Matt Berninger looks every bit the refined GQ businessman in a large faceless city; gold wedding band on his hand, dark collared shirt, hair nicely trimmed. But with his baritone velvet voice, dark stories spill from his mouth of all the emptiest fears and the most acute longings that wake us in the night. The bright horns and the swells of melody twinkle and shine like a candle in a colander, putting a streak of beauty through the center.

Start a War, Mistaken for Strangers, the new Blood Buzz Ohio, Slow Show — and my favorite Secret Meeting… it was over far too soon.

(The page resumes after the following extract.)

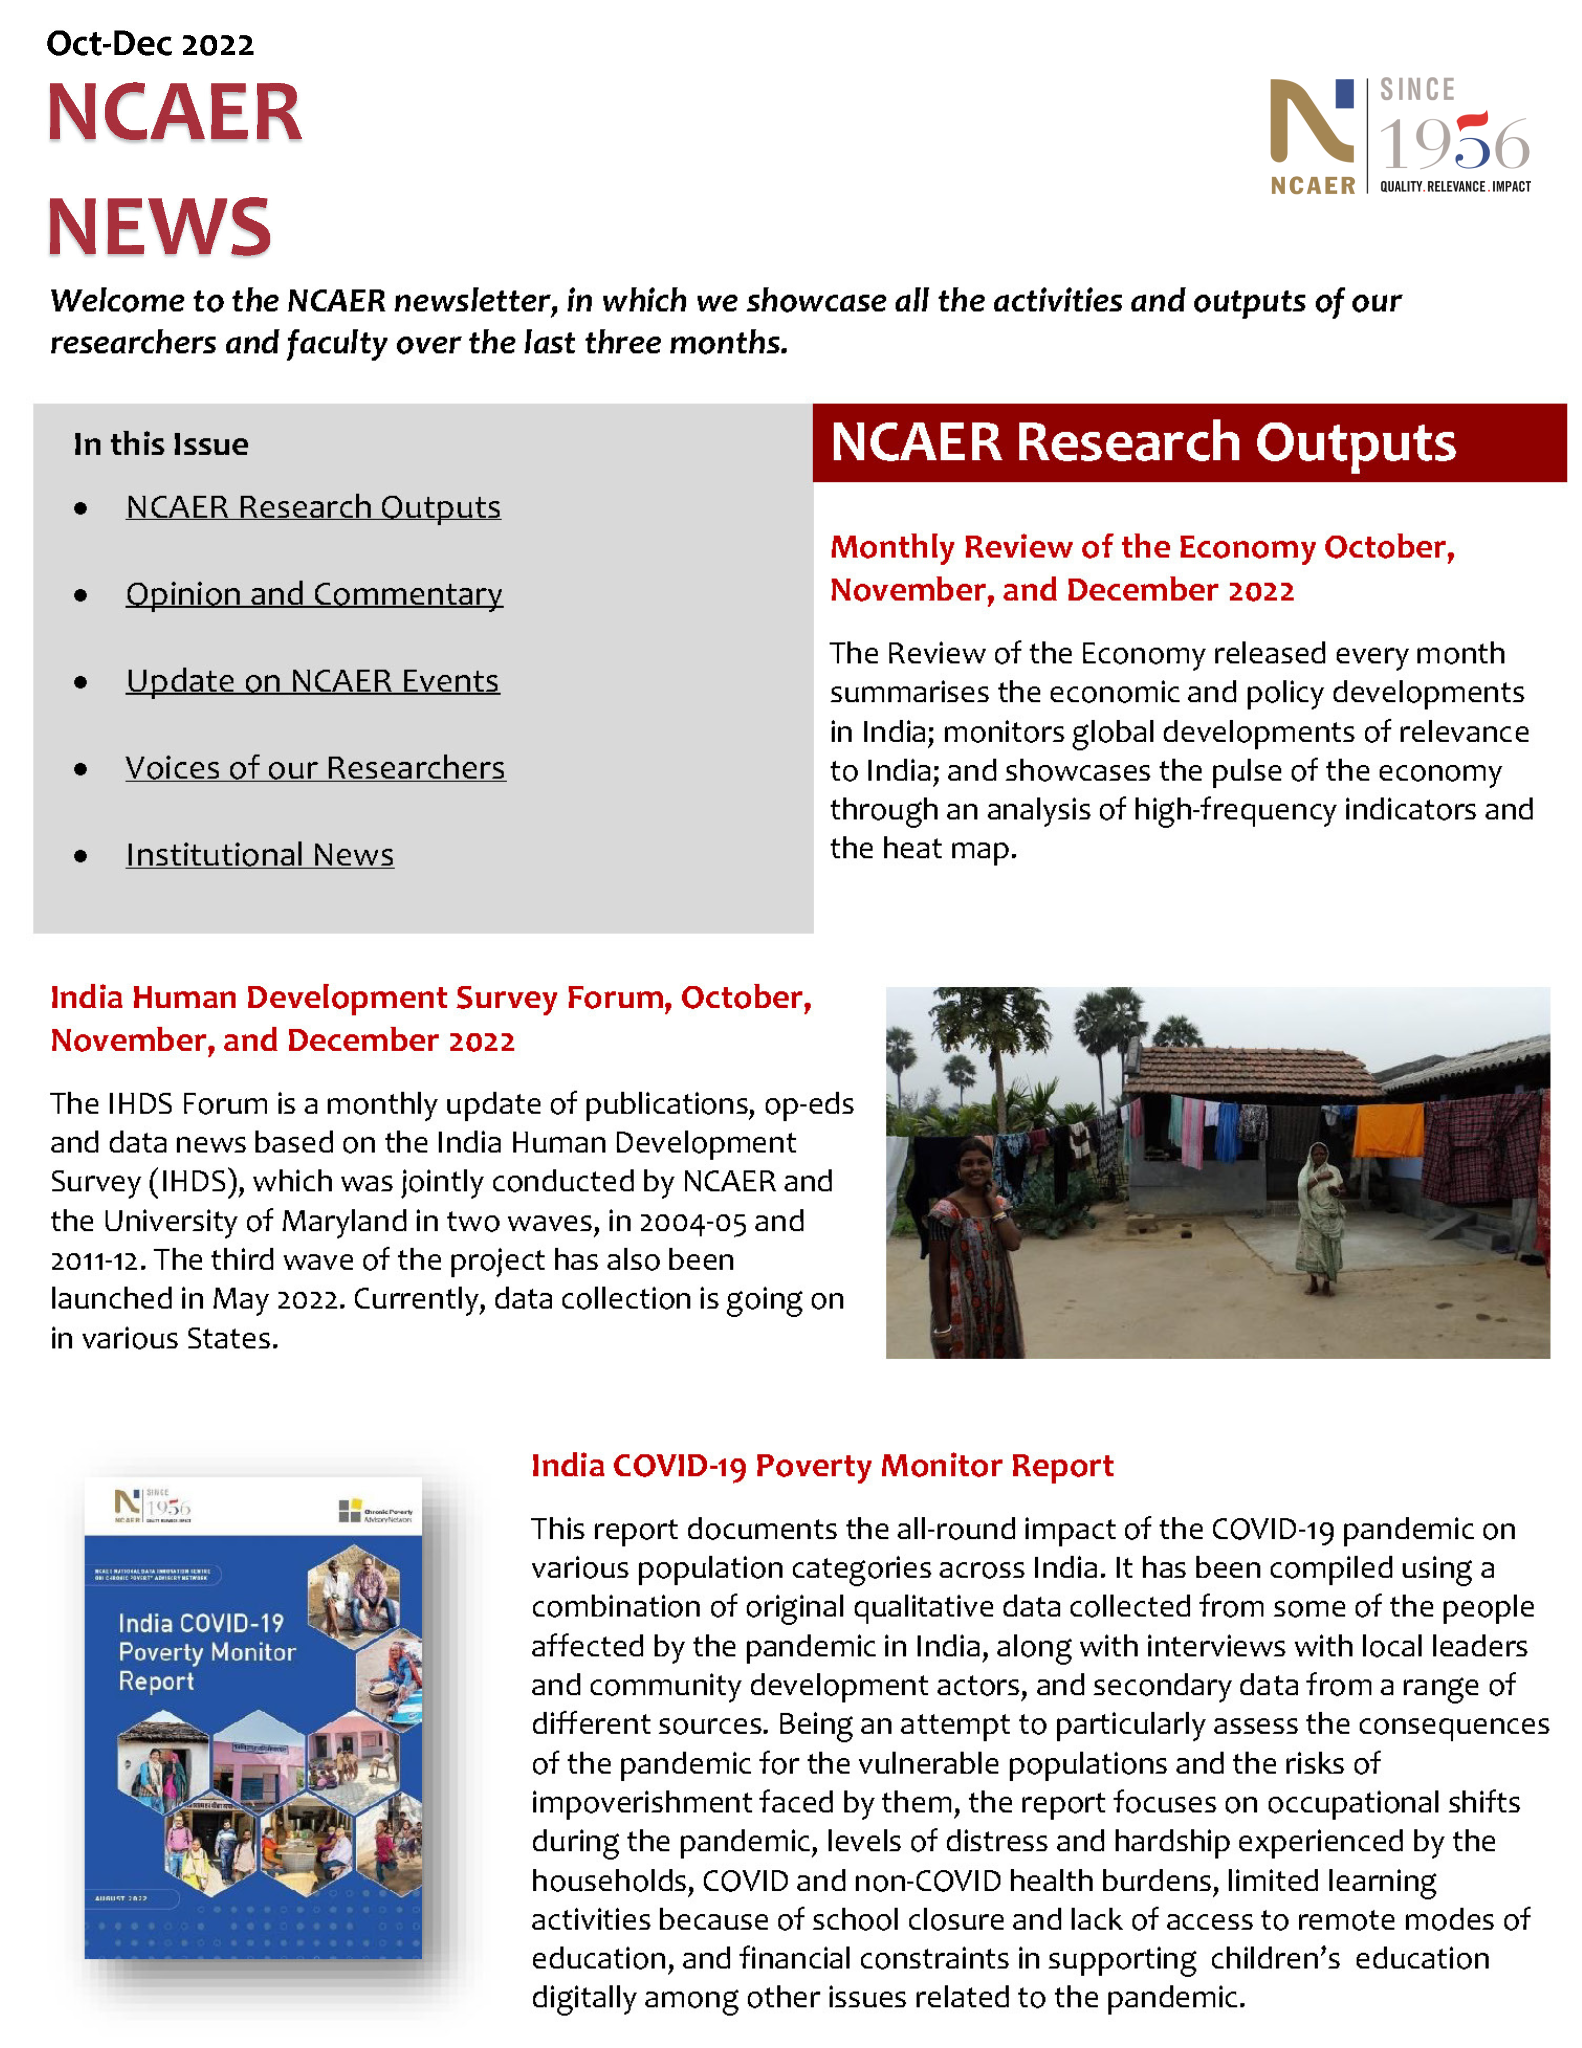 NCAER Newsletter Oct-Dec 2022

Lucky You (live on Daytrotter) – The National




Next up in a magical bit of booking was Tom Jones, the Welsh crooner who can peel panties off people using only his cognac-smooth brogue. You would not believe the universal love that flowed from all sectors of the (hip-shaking) audience for his snappy set. All you need to know about the performance can be gleaned from these two pictures, and if you have more time to amuse yourself, my montage of Tom Jones facial expressions over on Facebook. As a friend texted me during his set, as I reported on the undies flying off 19-year-olds with dreadlocks and ironic t-shirts, “It’s like he went from cool to ironic back to cool.”

I Bet You Look Good On The Dancefloor (Arctic Monkeys cover) – Tom Jones



Friday night ended as not the best of times for me, although I did try to rally and catch Washington D.C.’s Thievery Corporation, with their Brazilian-dub-lounge groove (it looked like this, and sounded numbingly good floating through the night and turning off my brain).


Saturday started off with a double-shot of global awesomeness from different corners of the world; it was bands like these that illuminated the fest for me. First up was Extra Golden, a combo of half Kenyan-benga music and half American-study-abroad-student rock. You might remember when I wrote about these guys a few months ago, I mentioned “the sound that cut through the din,”and also mused how good they might sound live. I am pleased to report that they both stopped traffic of folks walking by (with their tribal beats and African-laced rock), and also put on a superb set. I would absolutely go see them again; I kept laughing out loud from joy.

Anyango – Extra Golden



Immediately following Extra Golden, we dashed over to the Sutro stage to catch Nortec Collective’s Bostich + Fussible, on the recommendation of my friend Julio, who is much-more-savvy than this white girl when it comes to all things south of the border. I’d never heard any nortec business, but it blew my mind — the crashing together of the traditional Tijuana sounds with effortlessly cool dudes twisting knobs to make ridiculously danceable beats. My friend nailed it when he said they could occupy the stage in the back of any Quentin Tarantino movie scene — they were just that badass. Another band I would see again live in an absolute heartbeat. I mean listen to this:

Aka 47 – Bostich + Fussible



Next was Bat For Lashes (rad British chanteuse Natasha Khan), with a set that created more buzz than any other band I saw at the festival. Everyone was talking about her afterwards, and it was my favorite set of the weekend. I was only casually acquainted with her music before seeing her live, but her rich satiny alto voice flowed like a warm golden river through the middle of the sexy, synthy danceable creations. Where she was competent and confident in her stage presence, her band was amazingly kickass too, and I fell in love with both the drummer and the rainbow zig-zagged guitarist.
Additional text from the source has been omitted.